The Bootleg Series, Vol. 7: No Direction Home - The Soundtrack (2005)


 
Disc One 1. When I Got Troubles 2. Rambler, Gambler 3. This Land is Your Land 4. Song to Woody 5. Dink's Song 6. I Was Young When I Left Home 7. Sally Gal 8. Don't Think Twice, It's All Right 9. Man of Constant Sorrow 10.Blowin' in the Wind 11.Masters of War 12.A Hard Rain's A-Gonna Fall 13.When the Ship Comes In 14.Mr. Tambourine Man 15.Chimes of Freedom 16.It's All Over Now, Baby Blue Disc Two 1. She Belongs To Me 2. Maggie's Farm 3. It Takes a Lot To Laugh, It Takes a Train To Cry 4. Tombstone Blues 5. Just Like Tom Thumb's Blues 6. Desolation Row 7. Highway 61 Revisited 8. Leopard-Skin Pill-Box Hat 9. Stuck Inside of Mobile with the Memphis Blues Again 10.Visions of Johanna 11.Ballad of a Thin Man 12.Like a Rolling Stone

 

By the time we get to the seventh installment of Bob Dylan's "Bootleg" series, I must admit that the novelty had worn off quite a bit, and these types of releases just weren't warranting the same levels of excitement. Not for me anyway. He was putting out these types of recordings much more frequently than he was original material, and unless you were a diehard fan, you really just stopped giving a care.
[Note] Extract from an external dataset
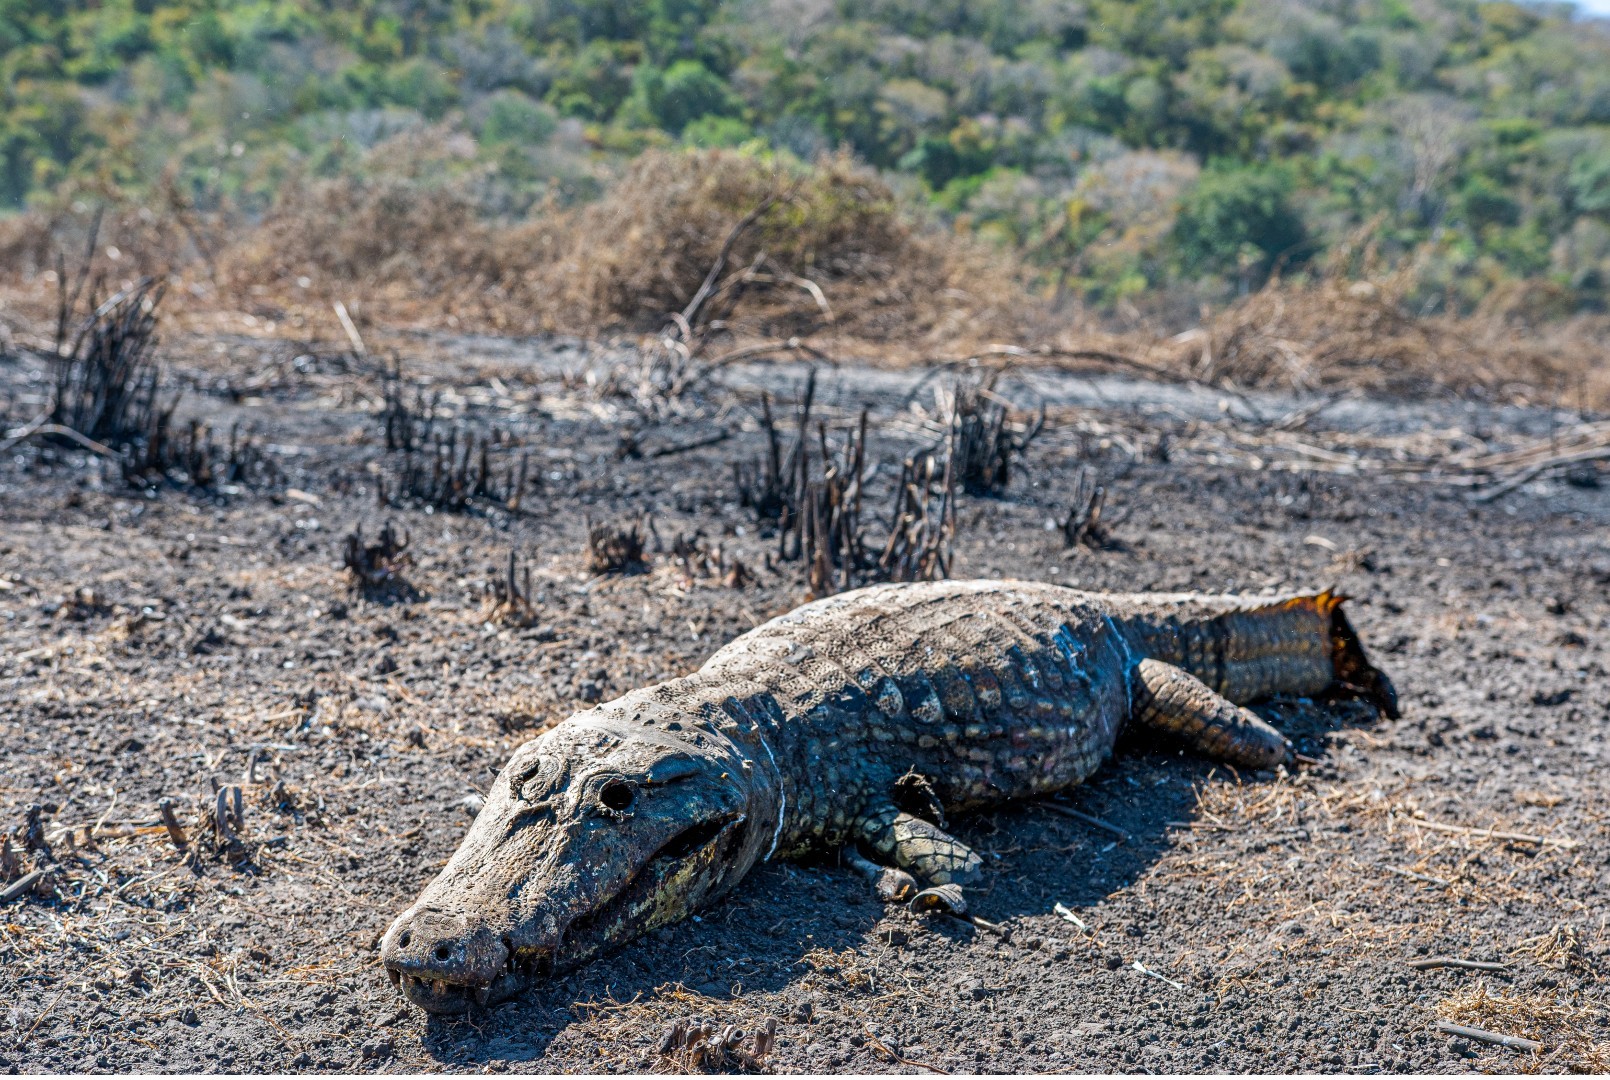 O rastro de destruição no Pantanal: jacaré carbonizado, carcaças expostas e vegetação cinza

The background of this disc is that it's a "soundtrack" to a PBS documentary directed by the great Martin Scorsese. It's been awhile since I watched the documentary, but to group this release with the documentary seems stretching it a bit thin. The Scorsese project focused mainly on the earlier part of Dylan's career, with most of the material in the film centered around the leap from "acoustic folk" to "electric rock" and all the turmoil surrounding the jump. A lot of latter day interviews with the likes of Joan Baez and Allen Ginsburg et al. So, yes, the music here is basically from that same time frame, so I guess that's where you can justify calling this a soundtrack.

Unlike his first Bootleg collection that was chocked full of treasures, this one seems as though he's digging for scraps. There are a few "new" songs here, but they're from the earliest days, so the recordings are very primitive and they're not so much entertaining as they are interesting. By the time he's two minutes into Woody Guthrie's This Land is Your Land (the third song), I'm already fighting to stay awake.

The bulk of this material is demos and alternate versions of songs any Dylan fan knows. The first disc is more acoustic, the second being more electric. None of the songs here seem to add to much to the depth of Dylan's catalog, and I really can't fathom anyone listening to this record frequently since all of the original songs are so much better and stronger than what is here. It doesn't help when the latter half of the latter disc seems to be filled with songs that average about seven minutes in length.

But as I try to be objective, I need to remind myself that this was Dylan at his peak, and these recordings did occur during the time when everything the man touched turned to gold, so like The Beatles "Anthology" series, the disc serves as a great "behind the scenes" peek of the man when times, at least popularity wise, were the best and brightest for the man.